When food is your number one pleasure
If you struggle with restrictive eating, bingeing or emotional eating, then you are likely preoccupied with food 24/7. You may obsess over specific food amounts or organise meals in minute detail. You may dream about foods you are avoiding or plan days around a visit to an artisan bakery on the other side of town.
You can’t get food out of your head, however much you try. Food is on the pedestal of pleasure in daily life whilst also hampering your spontaneity and freedom.
And food should be a wonderful joy and delicious part of daily life. Food is essential for survival and vigour, and fuelling your body with wholesome nutrition can significantly enhance mental and physical health.
Food is certainly more than fuel alone. Devouring a piece of your friend’s birthday cake and sharing in a beautifully prepared meal with loved ones, brings a deep sense of connection and well-being.
Some emotional eating is an essential part of life. As a human being, your relationship with food is not simply a functional, scientific equation. It is about satisfaction, savouring tastes, and inspiring memories. Think back to your favourite childhood foods and the special memories these evoke to this day.
But what if food has become your only pleasure and turn-to?
You have lost interest in hobbies, previous interests or life pursuits that once brought anticipation and excitement?
Maybe, it is offering self-soothing or distraction from difficult feelings?
Maybe it is giving you an escape from the endless treadmill of daily life when you are unhappy in your job or relationships.

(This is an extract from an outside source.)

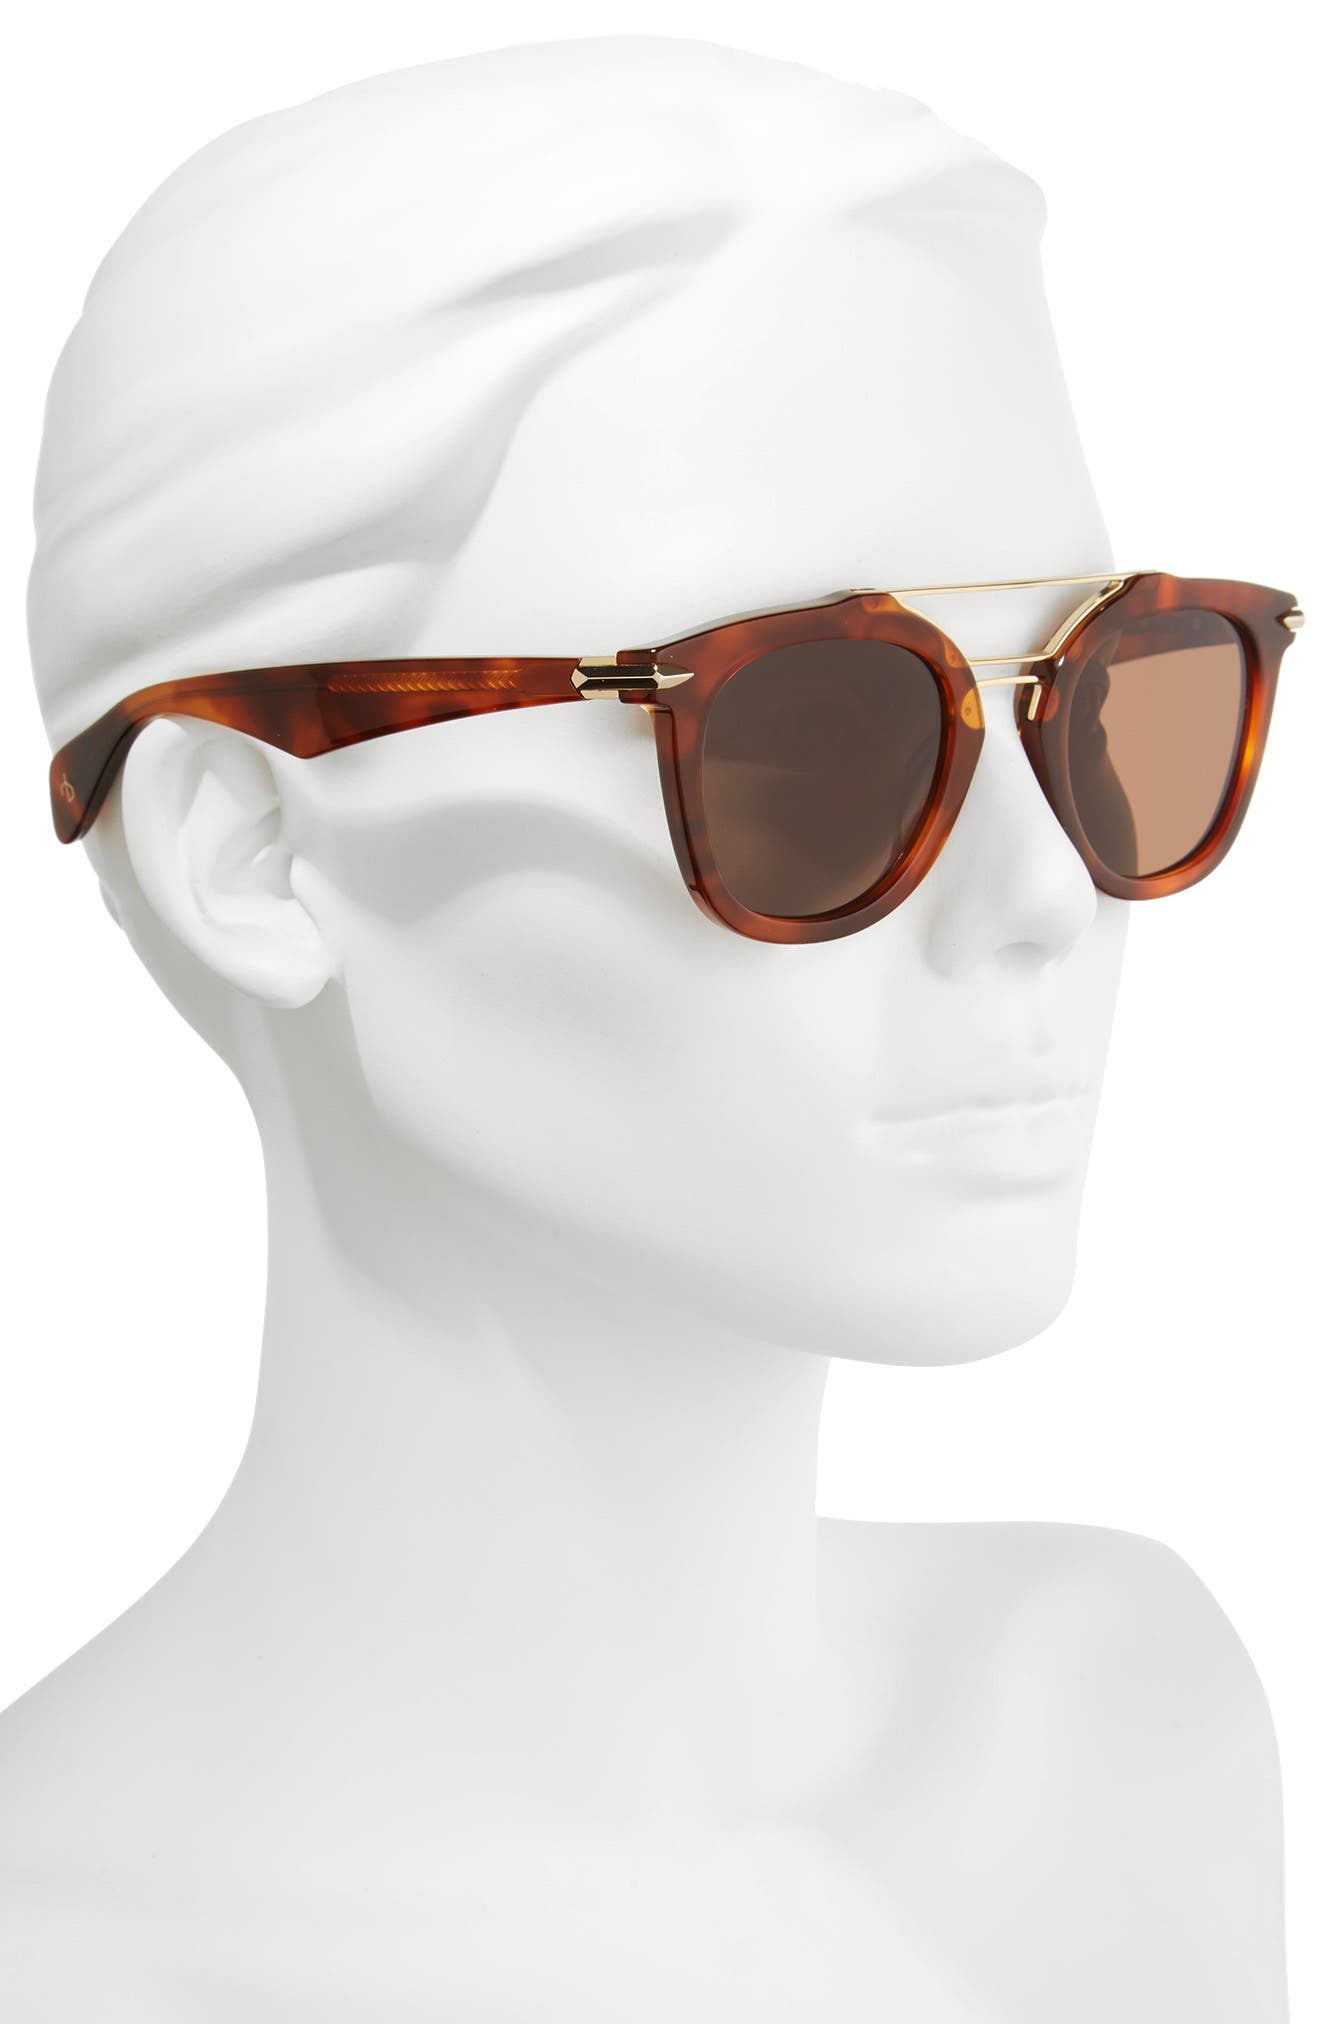 50mm Round Aviator Sunglasses,                             Alternate thumbnail 2, color,                             Havana Honey

Maybe your identity is very linked to being outwardly ‘healthy’ through a deep food obsession, whereas internally you are profoundly struggling. Controlling food feels like the only area of life that offers a glimmer of self-esteem or purpose.

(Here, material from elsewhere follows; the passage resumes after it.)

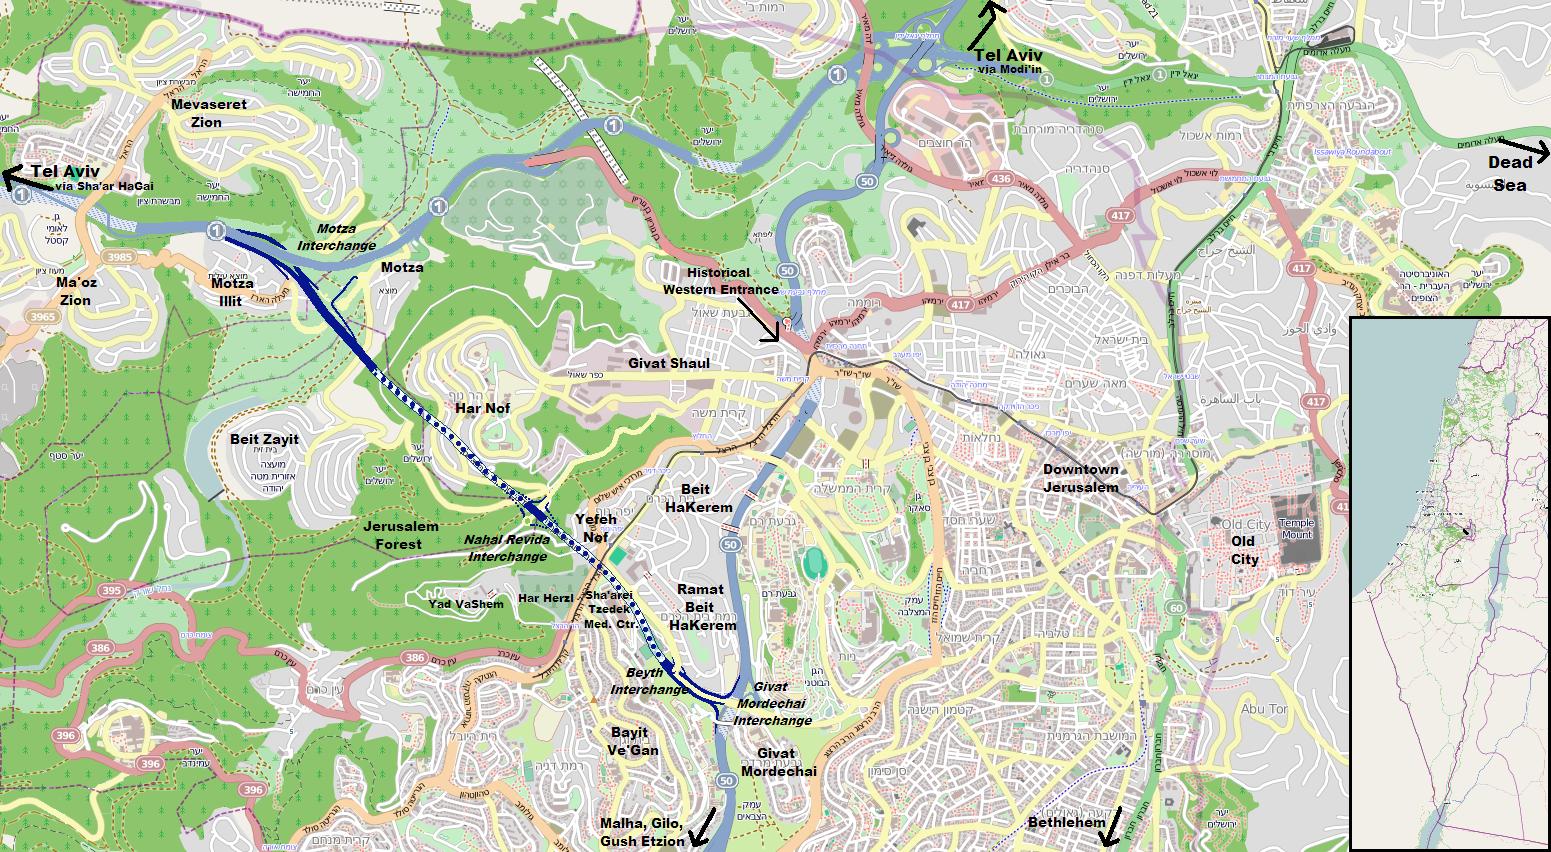 File:Jerusalem Road 16.png - Wikimedia Commons

If you recognise yourself here, now is the time to offer yourself compassion and understanding.
You could begin to peel back the layers of the metaphorical onion, which feels all about food, when in fact it is signalling deeper unmet needs.
If you are in a restrictive cycle with eating, you may need to establish regular eating and stabilising blood sugar first, to steady body physiology and reduce cravings and food thoughts. A starved brain is in survival mode and will ruminate about food all day long if it is deprived of glucose. If this feels overwhelming, start small, with incremental baby steps.
When you feel ready, you might begin to explore the deeper roots of your food preoccupation.
You can think about what you ‘gain’ from focusing on food and your body. How is this serving you and helping you cope, even if it only works short-term?
If you feel in a tangle of food confusion, this may be the time to reach out for support through counselling. A counsellor can support you to fit the pieces of the jigsaw together, so help you to understand your relationship with food from a psychological perspective, whilst also helping you develop healthier ways of coping.